Этот Кнауэр позднее неприметно исчез с моей дороги. С ним никаких объяснений не требовалось. Чего нельзя сказать о Писториусе. С этим другом я к концу своего учения в Шт. приобрел еще некий особый опыт.
И самому невинному человеку случается раз-другой в жизни вступать в конфликт с такими прекрасными добродетелями, как почтительность и благодарность. Каждому суждено сделать когда-то шаг, отделяющий его от его отца, от его учителей, каждому суждено как-то почувствовать суровость одиночества, хотя большинство людей не выносит ее и вскоре снова прячется за чью-то спину… От своих родителей, от их мира я не оторвался в жестокой борьбе, а отдалялся и отчуждался от них медленно и почти незаметно. Я сожалел об этом, это часто доставляло мне горькие часы при поездках на родину; но до самого сердца это не доходило, выдержать это можно было.
Но там, где мы выказывали любовь и уважение не по привычке, а по собственной воле, там, где мы были учениками и друзьями по зову сердца, там горек и ужасен тот миг, когда мы вдруг догадываемся, что главная струя нашего естества хочет увести нас от того, кого мы любили. Тогда каждая мысль, отвергающая прежнего друга и учителя, направляет свое ядовитое жало в наше собственное сердце, тогда каждый наш оборонительный удар попадает нам же в лицо. Тогда на ум тому, кто не сомневался в своей нравственности, приходят, клеймя его позором, слова «вероломство» и «неблагодарность», тогда испуганная душа боязливо бежит назад, в милые долы добродетелей детства, и никак не может поверить, что и этот разлом должен произойти, что и эта связь должна быть оборвана.
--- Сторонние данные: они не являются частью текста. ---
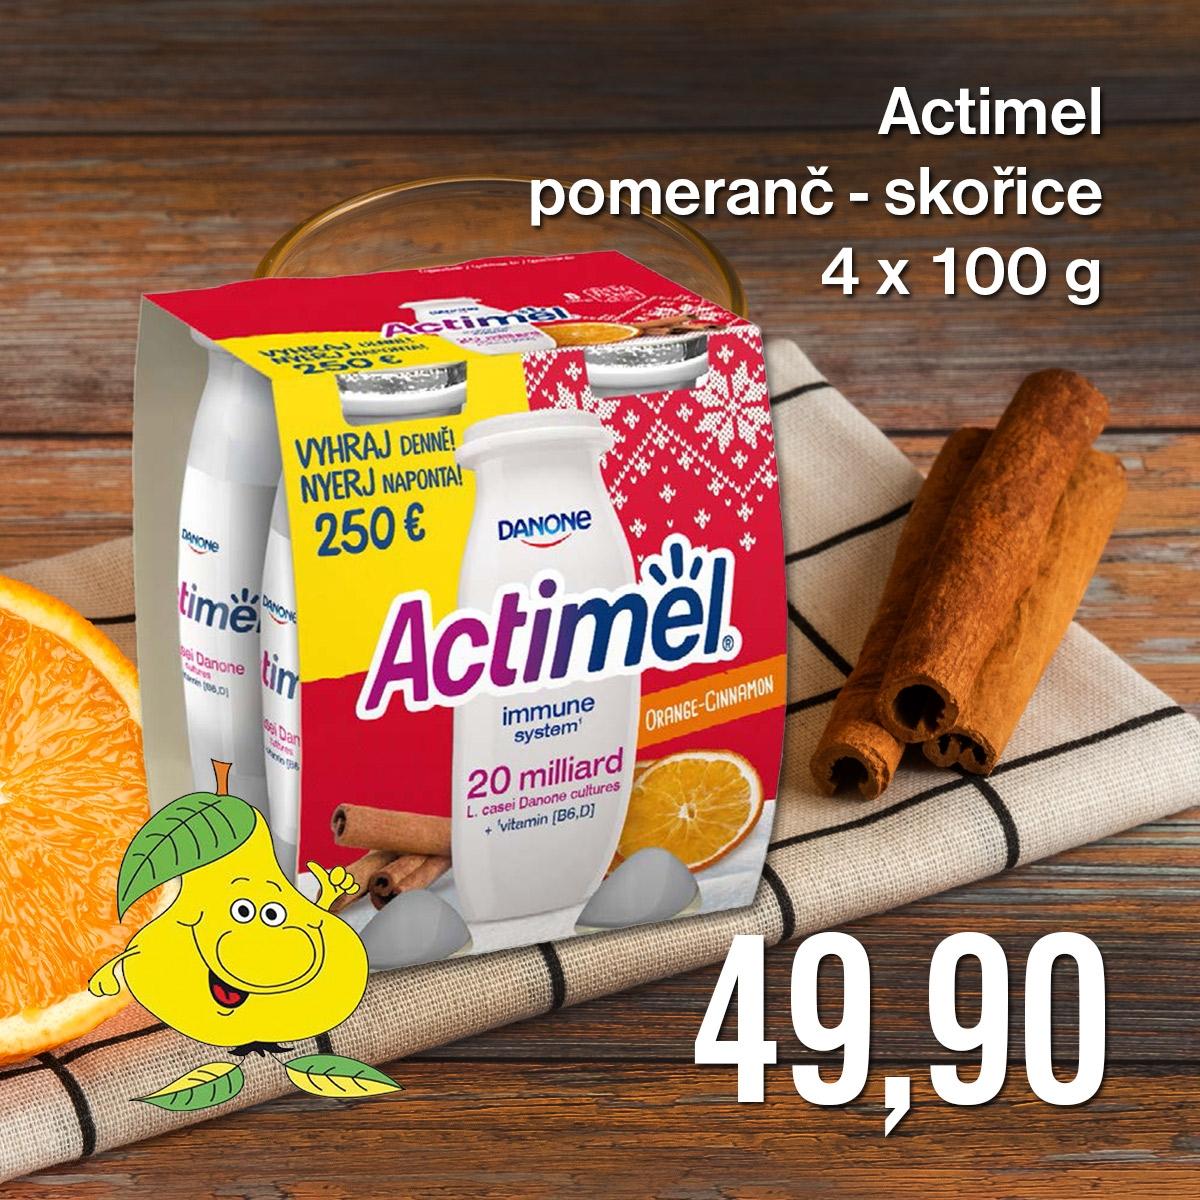 Actimel pomeranč-skořice 4 x 100 g

Мало-помалу какое-то чувство во мне восстало против того, чтобы обязательно признавать руководство за моим другом Писториусом. Дружба с ним, его советы, его утешения, его близость были событиями важнейших месяцев моей юности. Через него со мной говорил Бог. Из его уст мои сны возвращались ко мне проясненными, истолкованными. Он даровал мне мужество быть самим собой… И вот я, увы, ощутил в себе медленно нарастающее сопротивление Писториусу. Я слышал слишком много поучений в его словах, я чувствовал, что он вполне понимает лишь какую-то часть меня.
Никаких споров, никаких сцен, никакого разрыва, даже никакого сведения счетов с ним не было. Я сказал ему только одно-единственное, безобидное, в сущности, слово – но это как раз и был тот миг, когда некая иллюзия рассыпалась между нами цветными осколками.
Такое предчувствие угнетало меня уже некоторое время, но отчетливым чувством оно стало однажды в воскресенье в его старинном кабинете ученого. Мы лежали на полу перед огнем, и он говорил о таинствах и религиях, которые изучал, о которых думал, возможное будущее которых его занимало. А мне все это казалось больше любопытным и занятным, чем жизненно важным, мне слышалась тут ученость, слышалось усталое копание в развалинах прежних миров. И вдруг меня охватило отвращение ко всей этой манере, к этому культу мифологий, к этой игре, к этой мозаике из вероучений, известных нам по преданиям.
– Писториус, – сказал я вдруг с какой-то испугавшей меня самого неожиданно вырвавшейся злостью, – рассказали бы вы мне лучше опять какой-нибудь сон, подлинный сон, который приснился вам ночью. То, что вы сейчас говорите, это… это чертовски антикварно!